_Action item_:
Leave out the pictures and retype, exactly, the lines below from the line with "December Nights lights" up to and including the line with "World Patient Safety", nothing more.

_Extracted information_:

□ □ □ □ □

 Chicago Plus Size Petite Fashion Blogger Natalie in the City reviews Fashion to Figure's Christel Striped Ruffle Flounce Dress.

□ □ □ □ □

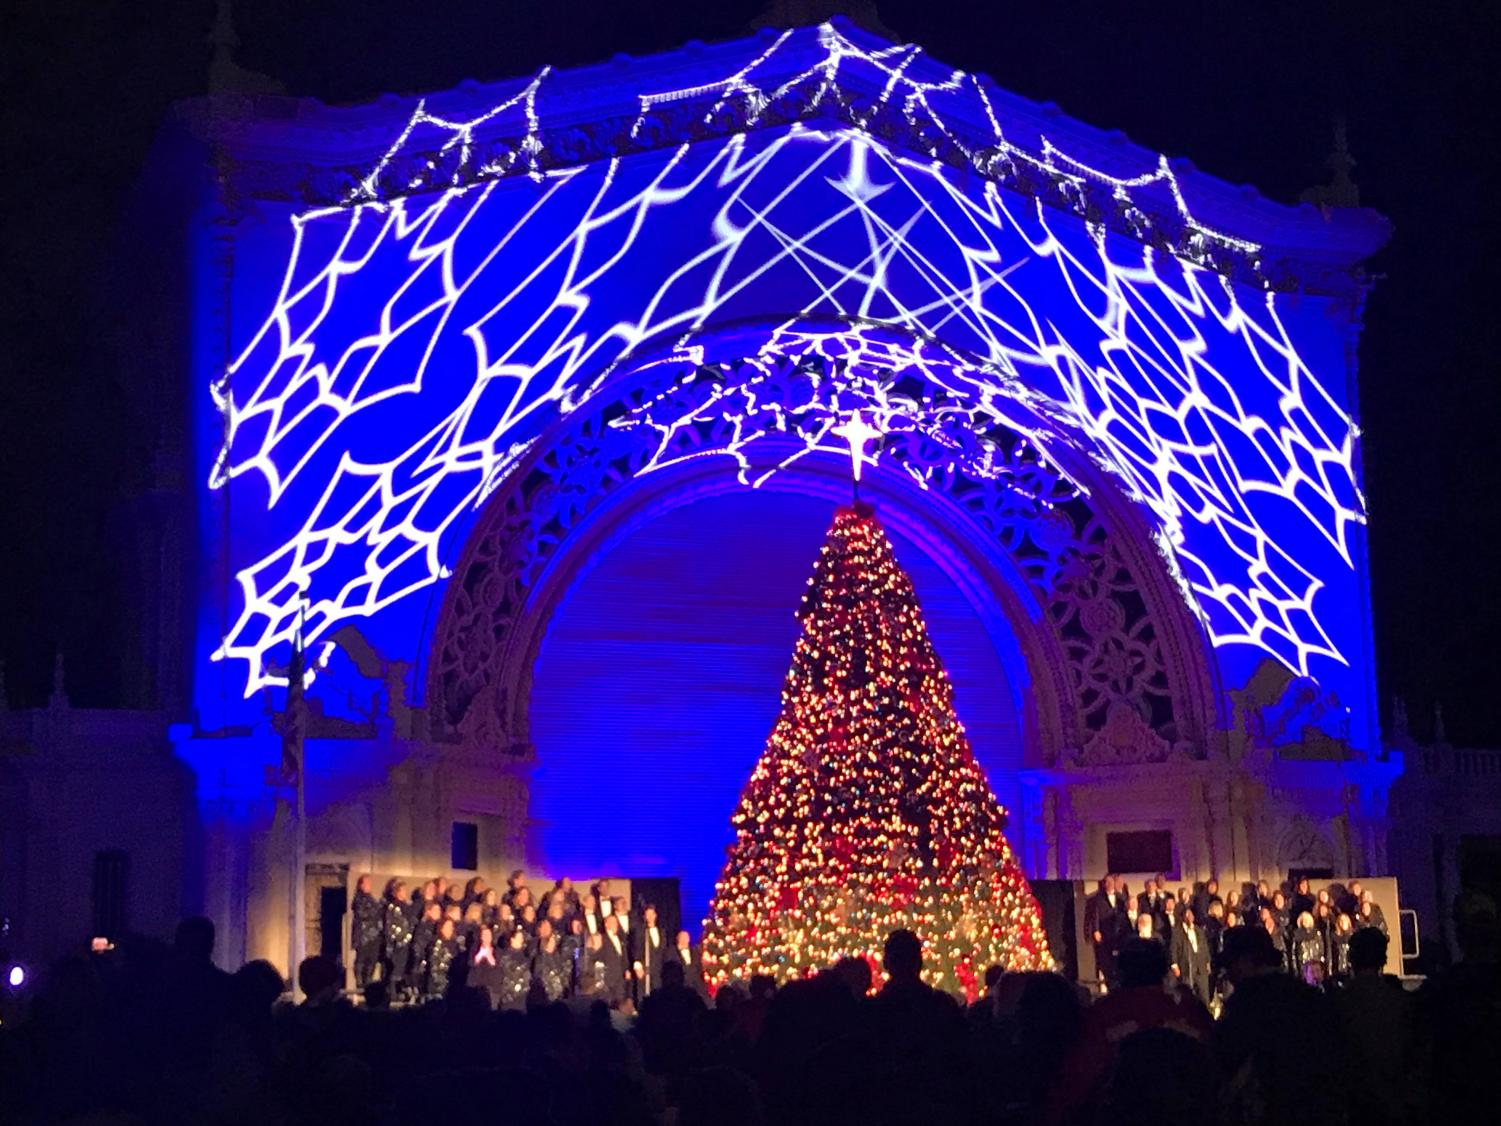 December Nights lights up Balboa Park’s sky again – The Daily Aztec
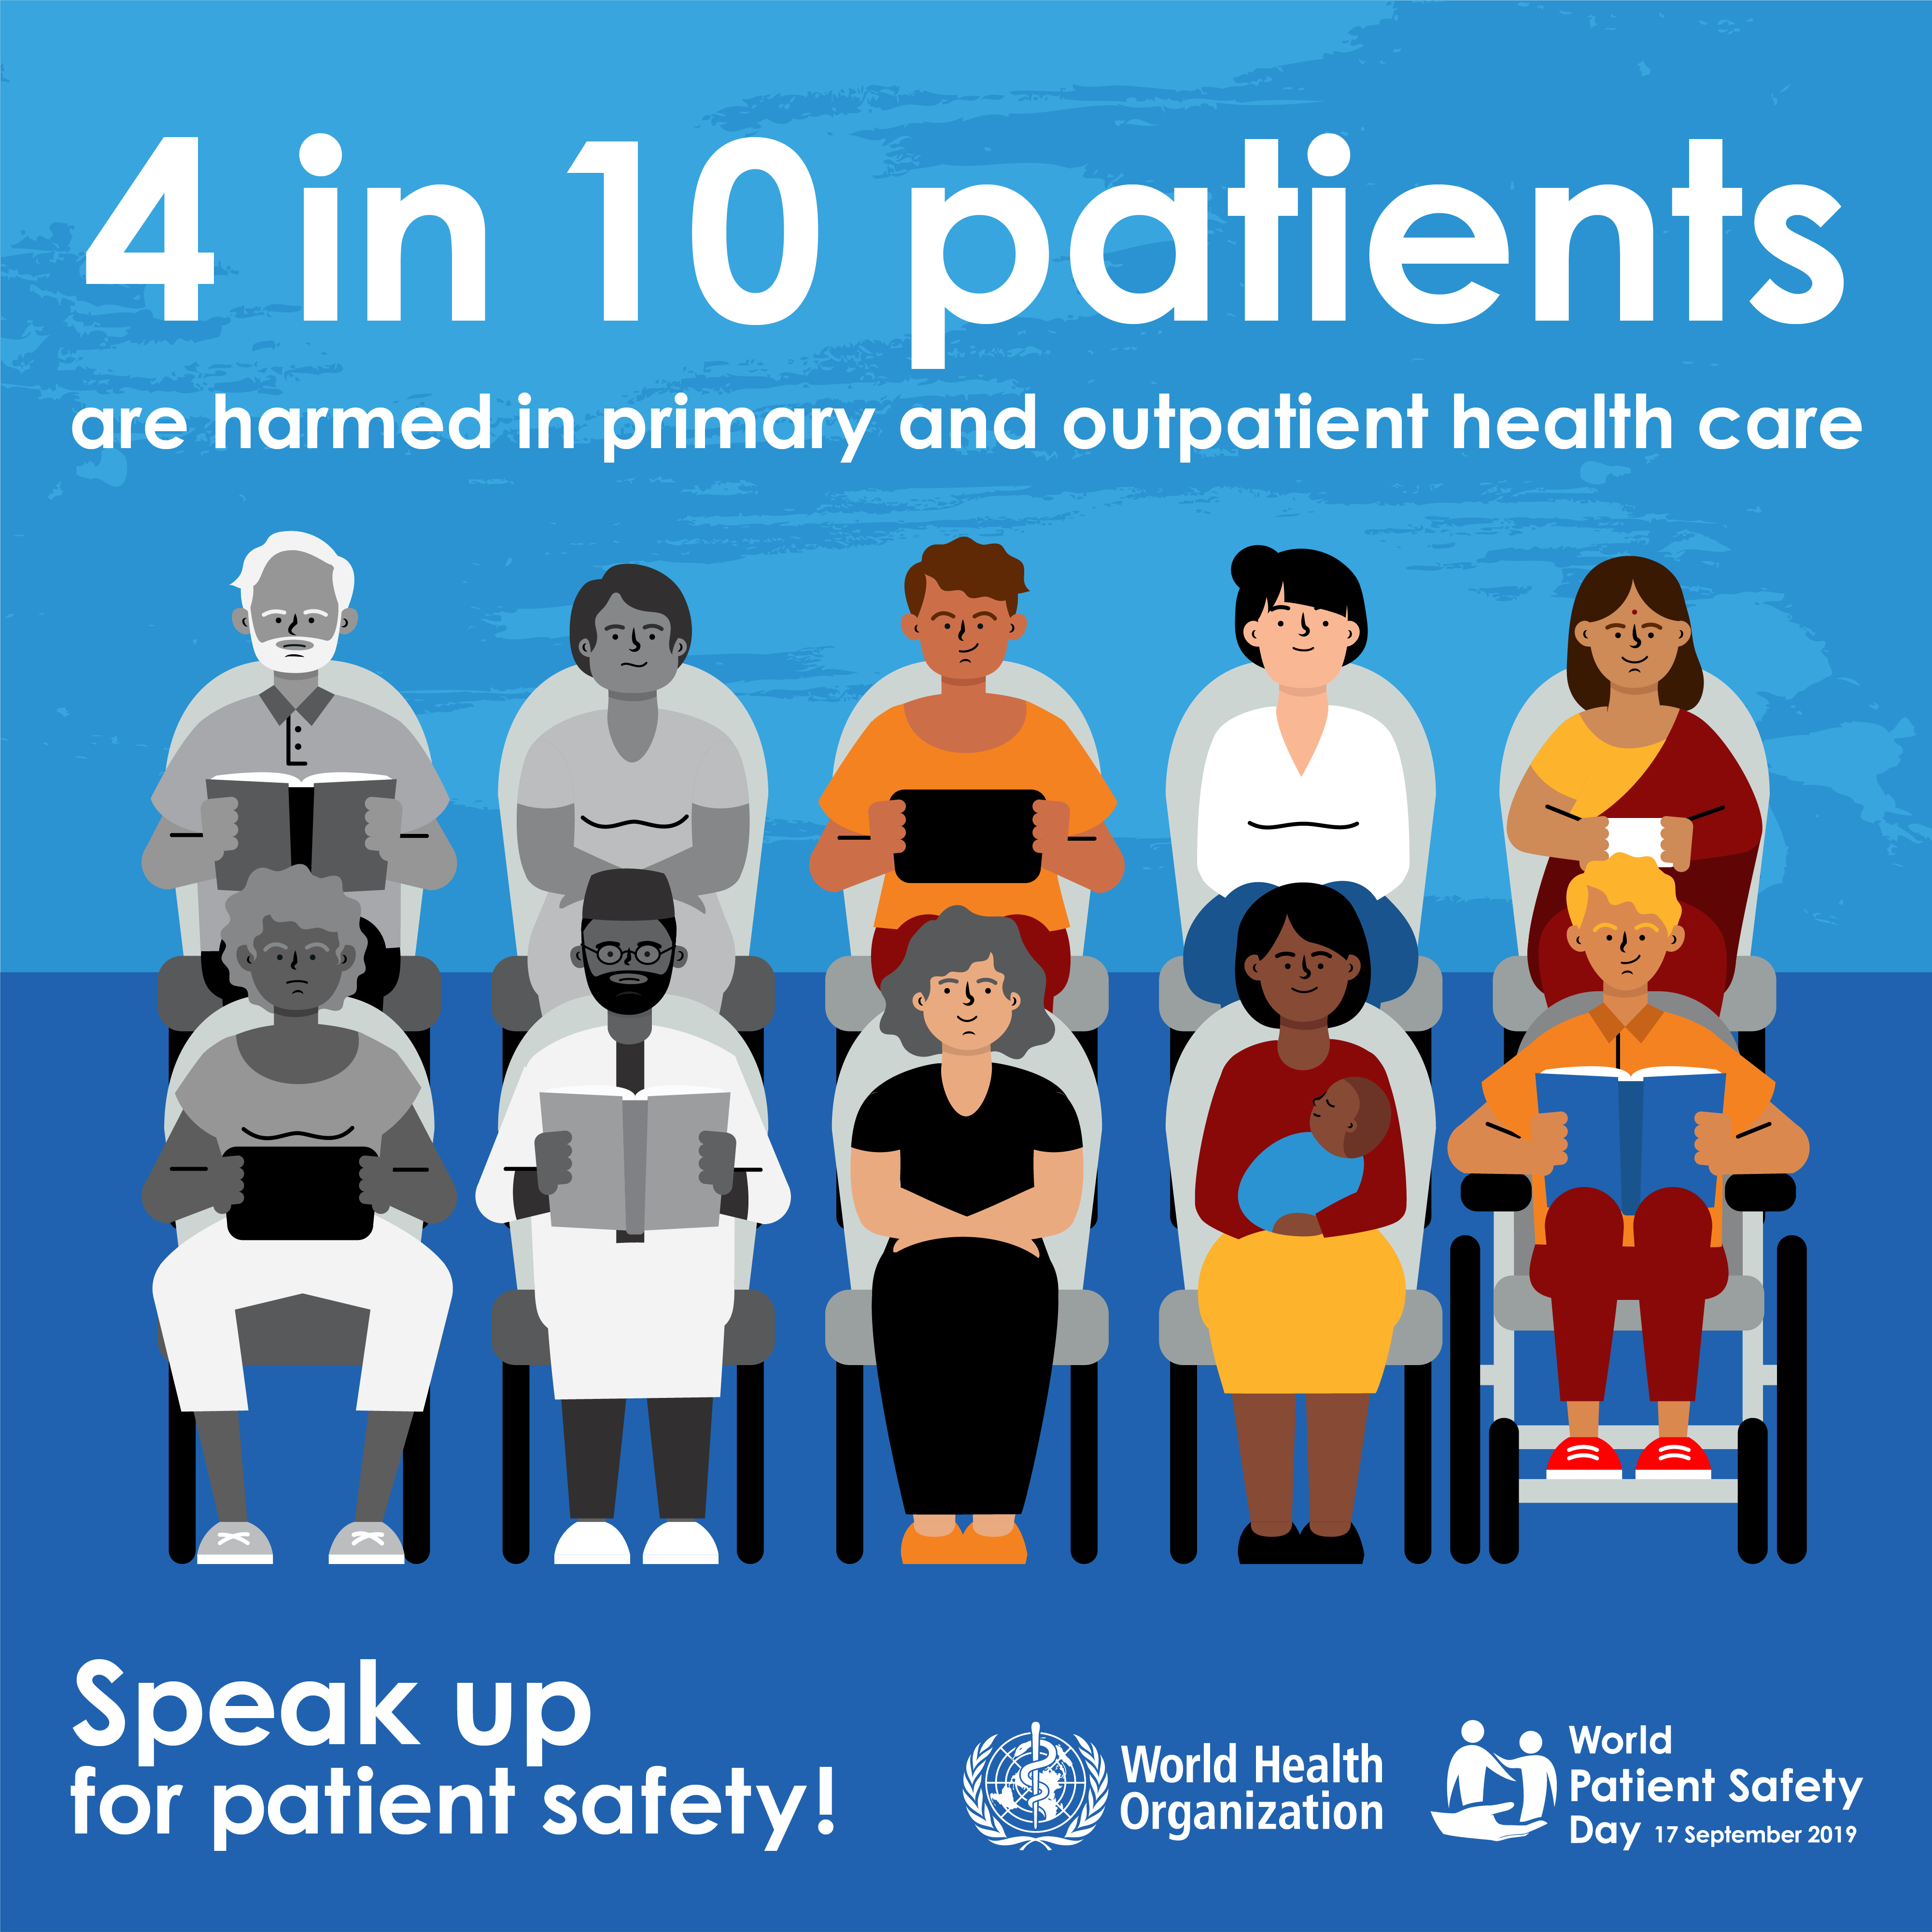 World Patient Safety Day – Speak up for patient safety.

□ □ □ □ □

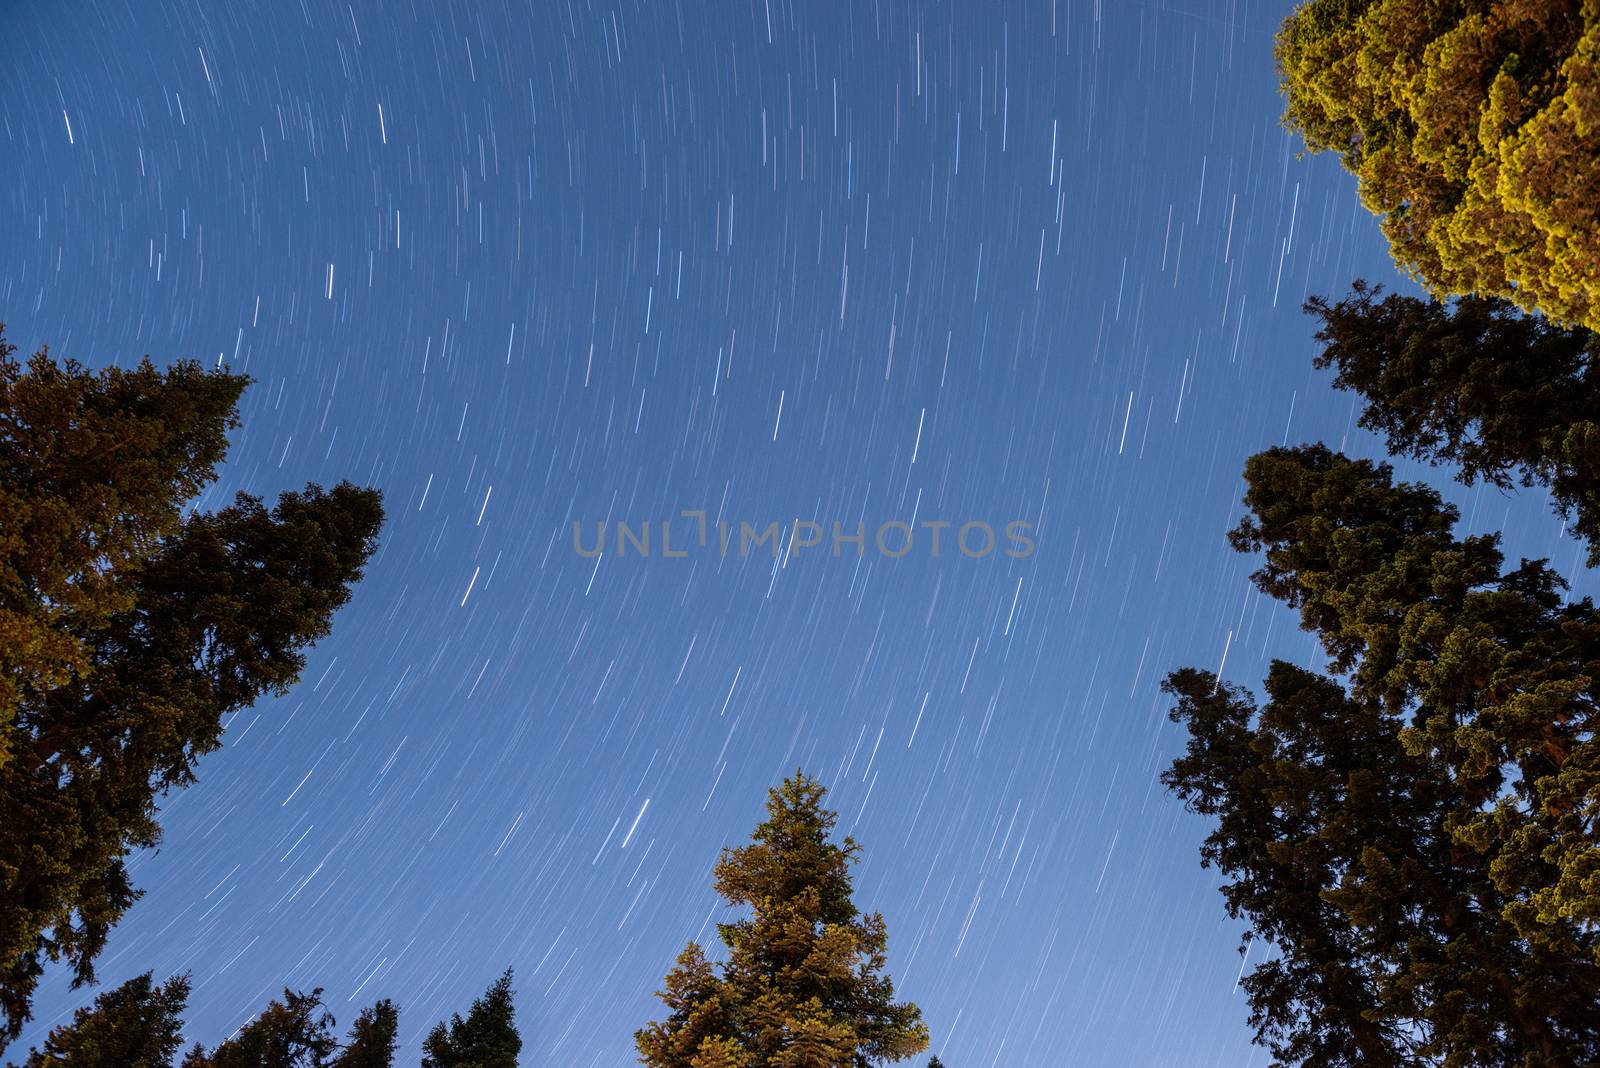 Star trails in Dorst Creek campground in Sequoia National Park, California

□ □ □ □ □

_The completed task_:
 December Nights lights up Balboa Park’s sky again – The Daily Aztec
 World Patient Safety Day – Speak up for patient safety.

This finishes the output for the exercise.